Friday, July 12, 2013

Group B readings: Responsiveness

During the last couple months I have been reading and learning about responsiveness. Even though I was not familiarized with this literature, the content of it really aligns with my research perspective.

Ball (1993) talks about the meaning of being a responsive teacher and the impact it can have in the students' learning. She presents a reflection on her own practice while trying to create an intellectually honest learning environment. I think it is important to understand the implications being responsive implies. In order to listen to the student thinking the teacher need to be sensitive to the students ideas. 
I consider the promotion of responsiveness in the classroom responds to a constructivist learning model. By identifying the conceptual models the students articulates during the instruction can allow the teacher to promote further exploration in these to develop a better understanding. While writing this I can not relate this with the extensive studies developed on misconceptions, not referring at them as an obstacle but as an starting point (Smith, DiSessa & Roschelle, 1993). I think responsive teaching is a good reflect on how the identification of the students' cognitive models on the scientific phenomena can be addressed in real time to improve their learning process. For example, Ball while working with elementary students in a responsive learning environment got to understand how their students understand negative numbers operations. The students felt free to give further information on their reasoning and question each other. The identification of the students' thinking allow the teacher to modify the activity to address emerging concerns. 
This in-the-moment response takes me to the concern: How can a teacher become a responsive teacher? How can you develop that sensibility that can help you notice the students' ideas? Reading vanEs (2011) helped me to address some of those concerns. I consider learning how to be a responsive teacher can be more difficult than implement a structured activity.
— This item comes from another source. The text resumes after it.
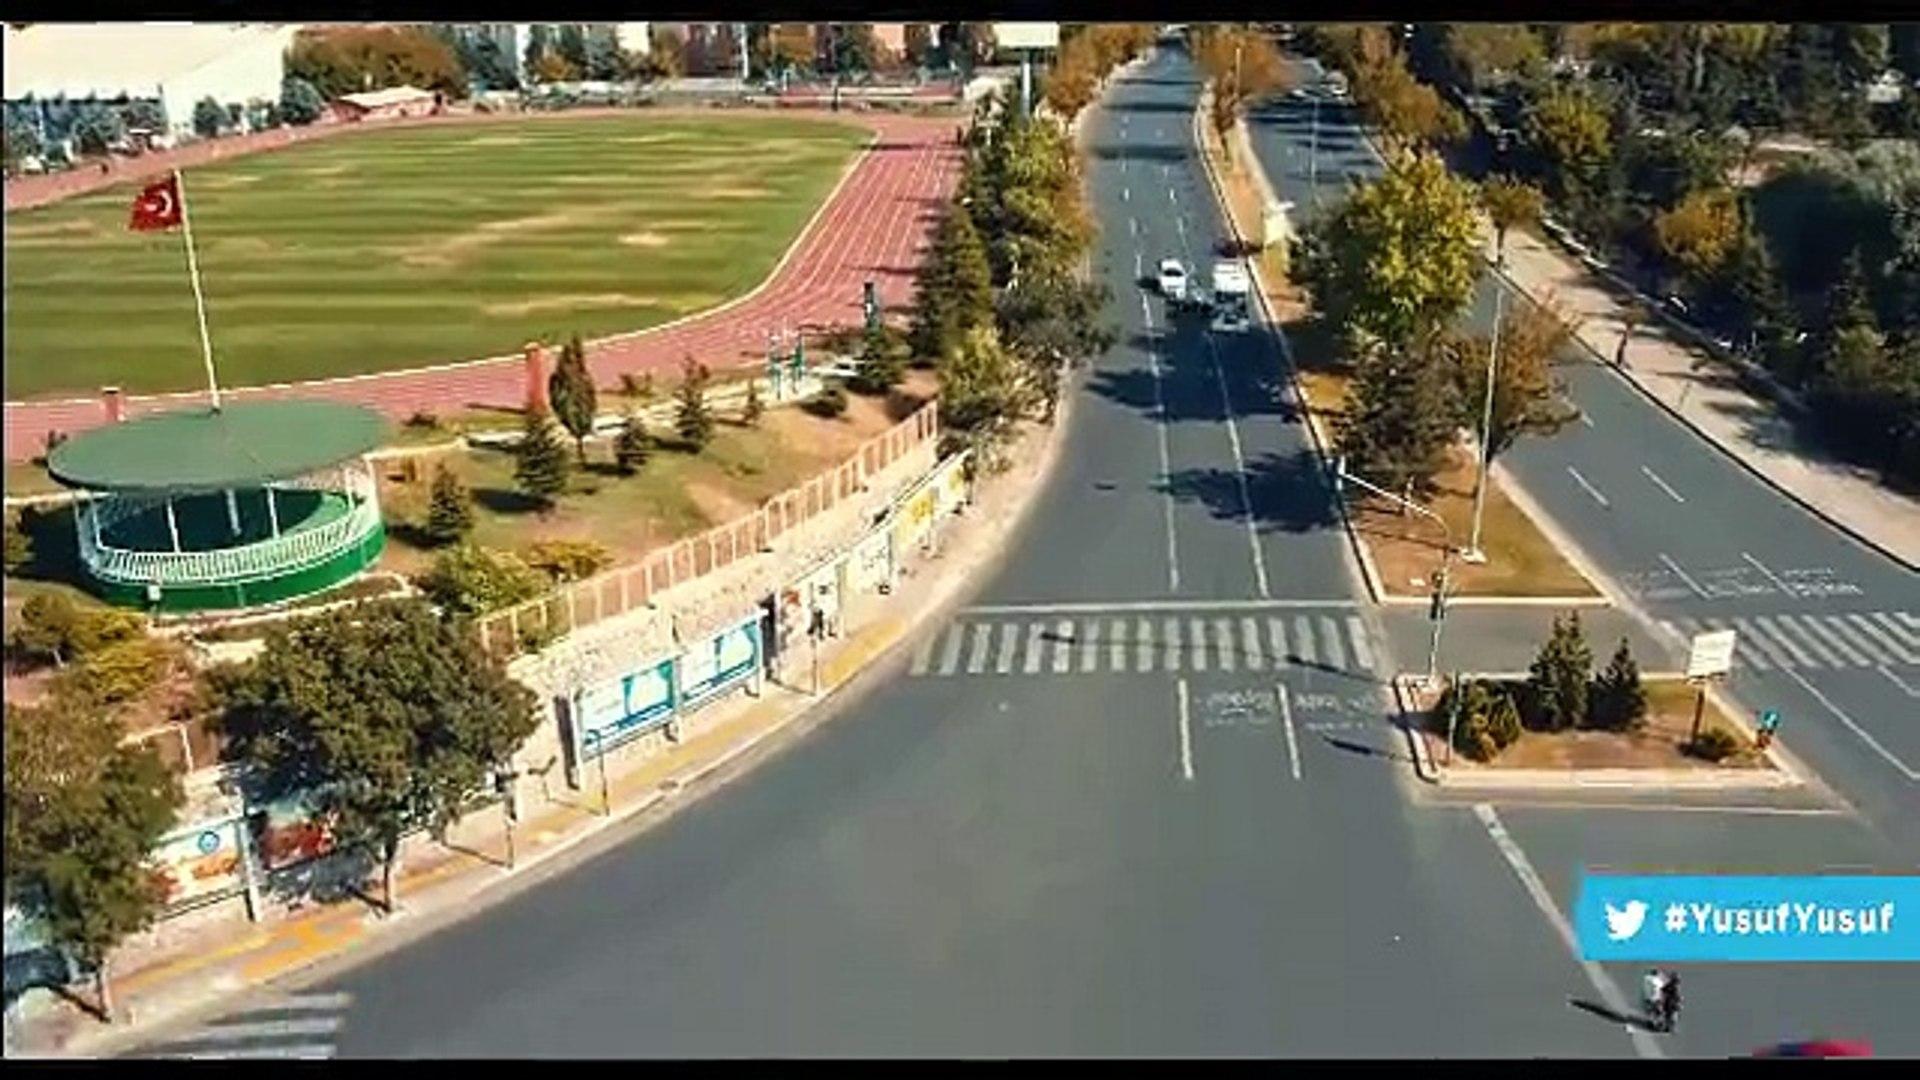 Ankara Macerası Yusuf Yusuf Filmi Fragmanı izle

VanEs shows that teachers can develop the sensibility to identify or listen carefully to students' ideas. The study shows elementary teachers having regular meetings to examine students' mathematical thinking. All of the teachers involved bring video clips from their own classroom and were asked to find remarkable issues to discuss in the group and to analyze students' thinking. At the beginning the teachers' analysis was more centered in their own practices, focusing their reflection in a general behavior of the class. While they move from a general observation to focus on particular discussions they started to notice more the students' thinking and also relating it to the teacher behavior. This research shows teachers can develop the skills to identify students' thinking, even when it does not address how to react to it in the moment-to-moment interaction. It also reveals the relevance of having a group support during the teachers development in responsiveness. The collaborative discussions allow teachers to learn from each other perspectives.
I would like to finish this blog entry with some reflections on what means to create an responsive classroom. According to Maskiewicz and Winters (2011) a responsive environment requires every participant to be responsive to others' ideas and contribution, it needs to engage the entire classroom community in considering the value in the ideas presented. I had the opportunity to read in a responsiveness conference the following phrase "It is not a diet, it is a lifestyle". I consider being responsive shouldn't be consider the goal for the teacher, but a way to better understand the students' current cognitive state to react to their necessities in real time interventions.
 
  • A.C. Maskiewicz and V. a. Winters, Journal of Research in Science Teaching 49, 429 (2012).
  • E. van Es, "A framework for learning to notice student thinking," in Mathematics teacher noticing: Seeing through teachers' eyes, edited by M. G. Sherin, V. R. Jacobs, and R. A. Philipp (Routledge, New York, 2011), pp. 134-151.